Ratu Luke Vutiqica was a direct descendant of Naudreudre, the last cannibal chief of Rakiraki. According to records held at the Fiji Archives, Ratu Luke Vutiqica of the i Tokatoka Dakuivakadreketi was Chief and head of the Mataqali Tuinavitilevu with Ratu Isikeli Sabua as head of the Tokatoka Vaividi. Tokatoka Vaividi was the only tokatoka out of the original three that survived and its descendants are the rightful holder of the Title Tu Navitilevu. Ratu Meli Bolobolo was a member of the Vaividi clan which gave him a rightful claim to the title equal to that of any other male in the Tokatoka. Records in the NLC and Archives, including studies by American anthropologist Martha Kaplan - author of "Neither Cargo Nor Cult", do not have a Bolobolo listed as Tunavitilevu. The Bolobolo name came into prominence when Ratu Tevita Bolobolo ascended the seat of Turaga Tunavitilevu in the 80s. Currently the Chiefly seat of Tunavitilevu is vacant. Ratu Meli's younger brother Ratu Emori Bolobolo a former Fijian National Rugby Rep and pioneering International Rugby player in France is expected to ascend the seat of Tunavitilevu according to a ruling of the NLC Tribunal in 2005 which by default ensured that the Bolobolo family retained the Chiefly title until they decided to hand it over to the other two households who make up the tokatoka- Nayabai (also known as Nagaunavou-Naitura) and Vailose (the Katalau).
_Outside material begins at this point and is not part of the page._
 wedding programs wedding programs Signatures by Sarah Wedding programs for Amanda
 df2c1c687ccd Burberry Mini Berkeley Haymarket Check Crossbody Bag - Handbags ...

There is yet to be a formal traditional announcement yet on the decision from the Mataqali Tuinavitilevu to the Mataqali Tuinamo whose traditional role is to announce the nominated candidate after the Mataqali Tunavitilevu have met to decide on the next holder of the Tu Navitilevu. Until the decision is made the Chiefly seat remains vacant.